In the example the unique Nash equilibrium is for both players to play strategy $E$. The intuition behind this result (the way I see it) is that due to the probabilistic independence between stage completions, the probability of "runs" where you finish multiple stages in a row is too small to make it worth the risk that someone scoops you for the utility you have "in hand".

I'm trying to show that this generalizes for all $n$ and $k$. It's fairly easy to show that all players playing strategy $E$ at all stages is a Nash equilibrium. What I want to show is that it's the unique Nash equilibrium, i.e., that any profile in which at least one player plays strategy $H$ at at least one stage is not a Nash equilibrium (I'm hopeful that the correct answer to that question rules out mixed-strategy equilibria as well).

What makes it tricky is that it's not just always better for any player to move to the "always $E$" strategy. For example, when everyone is playing "always $H$", in general only the slowest player (lowest value of $\lambda_i$) has an incentive to switch (I did manage to prove this in general).

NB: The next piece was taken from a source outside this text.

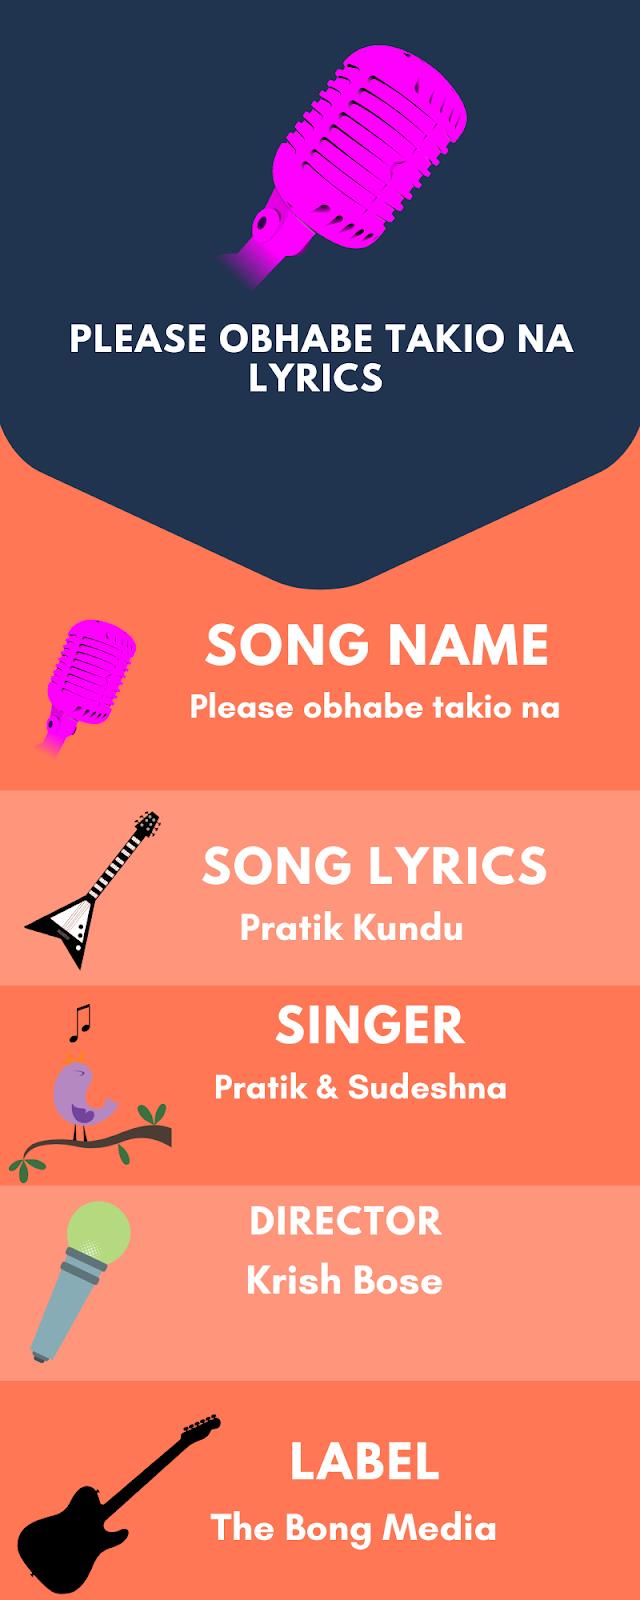 Please obhabe takio na lyrics

So something like the following might work: given a profile, the slowest player that is not already playing "always $E$" has an incentive to switch. I've tried to show that the slowest player always has an incentive to switch to "always $E$", or that the slowest player always has an incentive to at least play $E$ on the first stage, or that the slowest player always has an incentive to at least play $E$ on the last stage ($k-1$). In each case I get bogged down in the details.

I'm looking for a new approach or a way of looking at it. Even just a way of writing down the problem with less words and more mathematical notation might give new insight. I'm happy to say more about what I've tried but this is already quite long so I'll stop here. Thanks in advance for your help!

1

There are 1 best solutions below

0
On BEST ANSWER

So I finally figured this out. Note the following:

  • The game is zero-sum: regardless of the strategies played by each player, at the end of the game the sum of all players' payoff is $k$.
  • As noted in the question, if all players play strategy $E$ at all their information sets (the equilibrium), the expected payoff to player $i$ is $k\cdot\lambda_i/\lambda$.
  • In any strategy profile in which player $i$ plays $E$ at all her information sets, but at least one player does not, player $i$'s payoff is strictly greater than $k\cdot\lambda_i/\lambda$. This is because, by playing $E$ at every information set, she expects to get $k\cdot\lambda_i/\lambda$ during the first $k$ stage completions (regardless of whether other players are claiming their utility). But because, with positive probability, the game is not over after the first $k$ stage completions, she gets some extra utility with positive probability. This is the crucial step, and I'm happy to elaborate.
  • Now consider any strategy profile in which at least one player is playing a non-equilibrium strategy with positive probability. Each player $i$ who is playing the equilibrium strategy is getting a greater expected payoff than they would in equilibrium by the previous bullet point. Because the game is zero-sum, at least one of the players is worse off than she would be in equilibrium. This player's expected payoff would be improved if she switched to the equilibrium strategy. So the strategy profile under consideration is not a Nash equilibrium.
  • Hence, the strategy profile in which every player plays the pure strategy of "$E$ at every information set" is the unique Nash equilibrium of this game.